President Giuliani's Speechwriter: Nicholas Stix
By Michael Moriarty
Wolf is one of the most thriving careerists in the history of television. I’m proud to say that I am one of the most self-destructive personalities in showbiz.
Stix says I have too many worries to handle. Well, if his idea of a life is to offer up Giuliani for President of the United States, I have plenty to worry about. Clearly, Stix is on the conservative side of a phenomenon that is always nascent in every university graduate: intellectual supremacy. I don’t know what head of the faculty he thinks he’s making points with by proclaiming his research is better than mine. It’s not the Dean’s hands the future of the United States is resting in.

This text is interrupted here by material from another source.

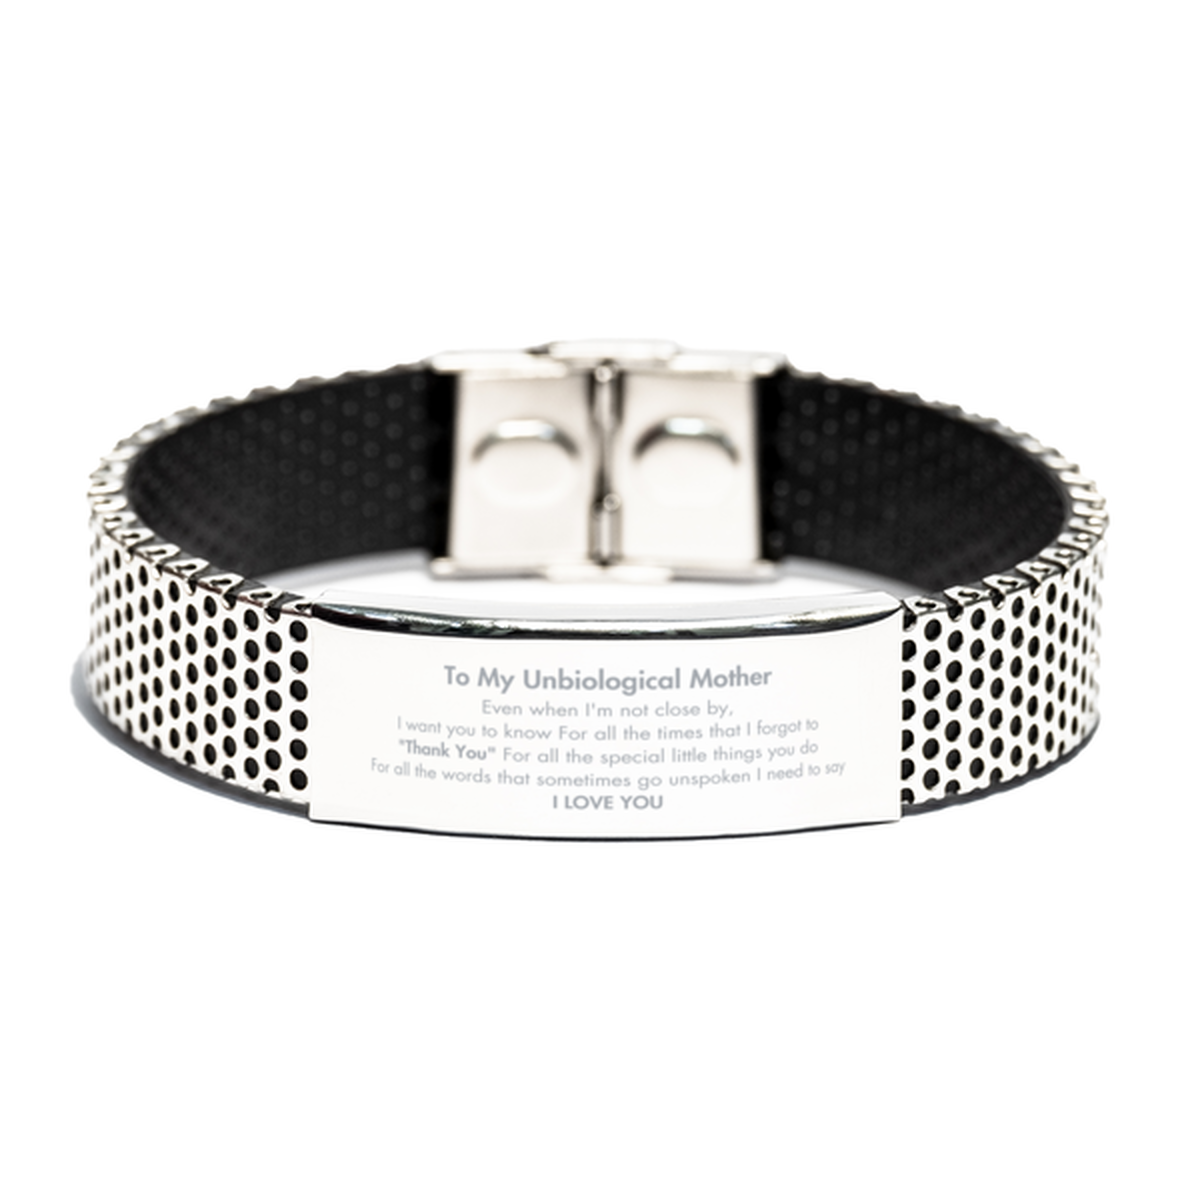 Thank You Gifts for Unbiological Mother, Keepsake Stainless Steel Bracelet Gifts for Unbiological Mother Birthday Mother's day Father's Day Unbiological Mother For all the words That sometimes go unspoken I need to say I LOVE YOU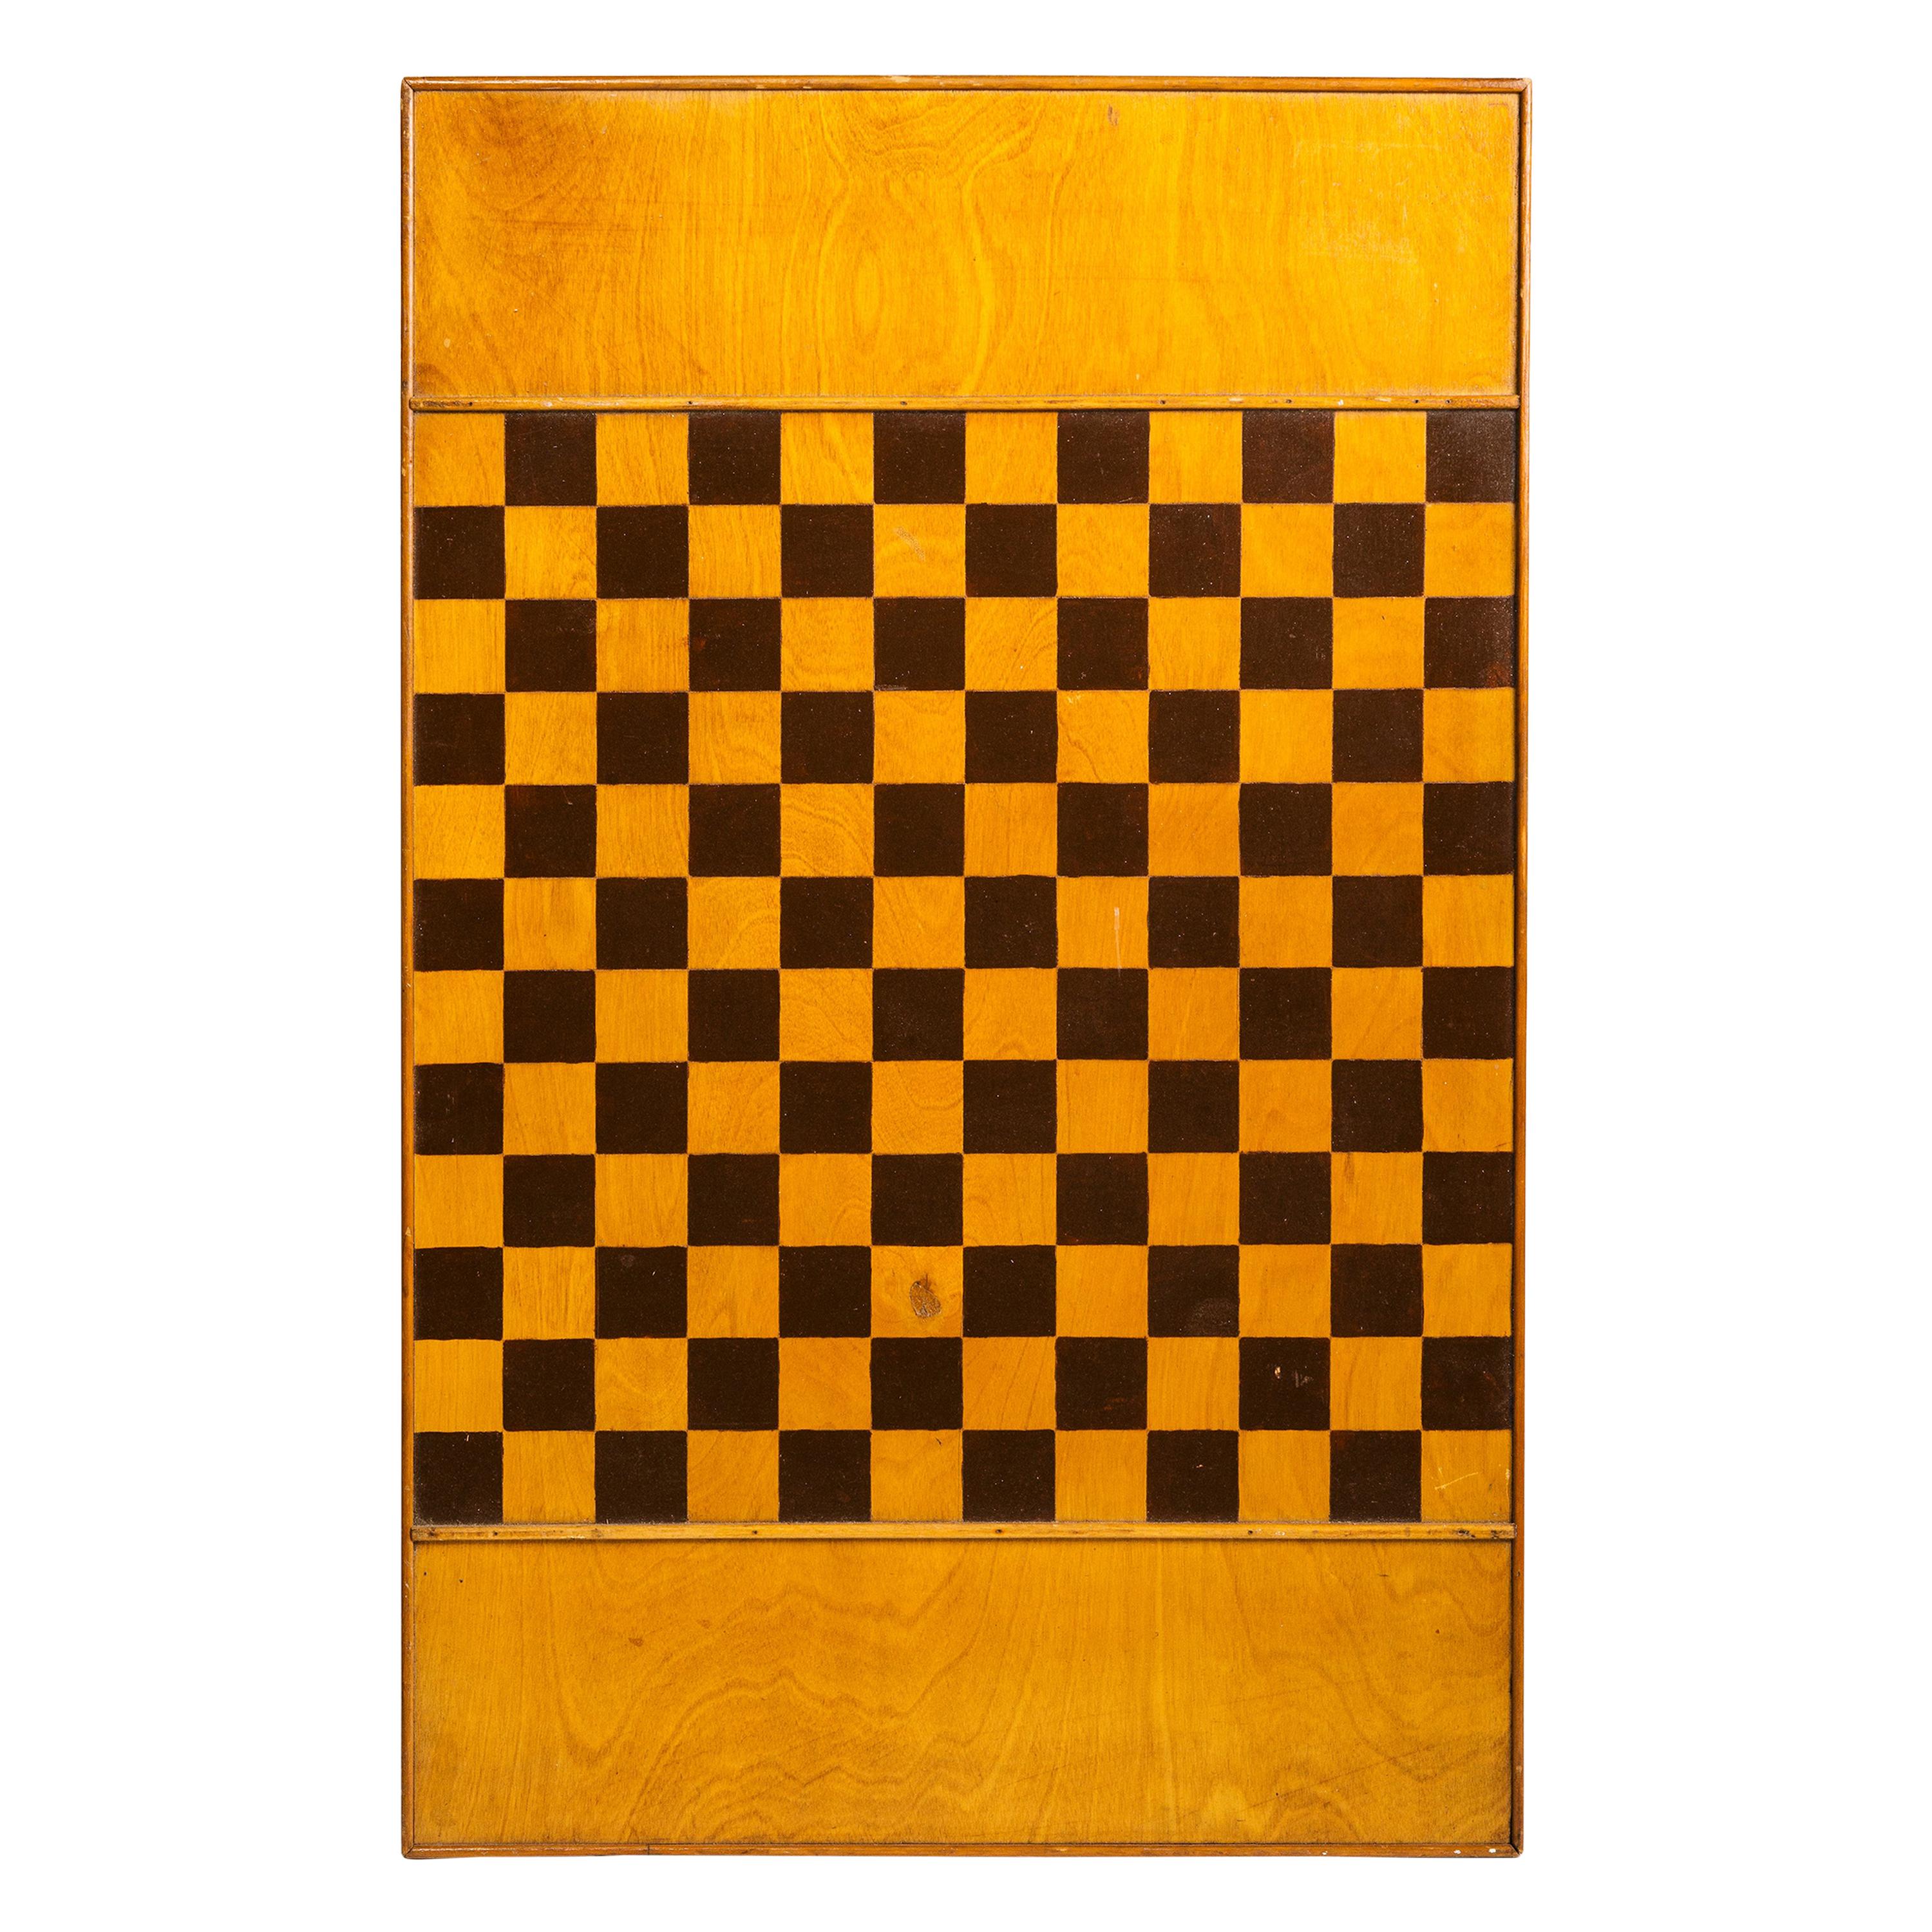 American Game Board For Sale

It is up to the American people as a jury to decide. For a New Yorker to offer up Giuliani as a great idea for President just demands that another New Yorker express his strong opinion. I was one of the few New Yorkers to even see Stix’s mildly qualified hagiography of Giuliani. That Stix continued to shift the blame for what he describes as a phony drop in crime statistics cooked up in some political machine does not deny the fact that President Clinton, in so many words, ordered Giuliani to reduce the crime rate in New York City no matter what it took to achieve that objective. Clinton would see to making the Dow Jones rise miraculously, thereby helping Wall Street. Both "miracles" happened. That a classic photo taken at a law enforcement convention in Minnesota has Clinton pointing a police revolver directly into the camera and at the American people pretty much summarizes the preventative law enforcement philosophy: "You’re guilty until proven innocent!" That kind of turns the American justice system upside down, doesn’t it?
Stix, as a pro-tem professor of Journalism, has given me bad grades for my leaps of logic, so to speak. I reply that I’m not in his university, am not taking Journalism courses and don’t give a flying phonetic for his opinion of my writing. He’s an apologist for one of the worst mayors in New York City’s history.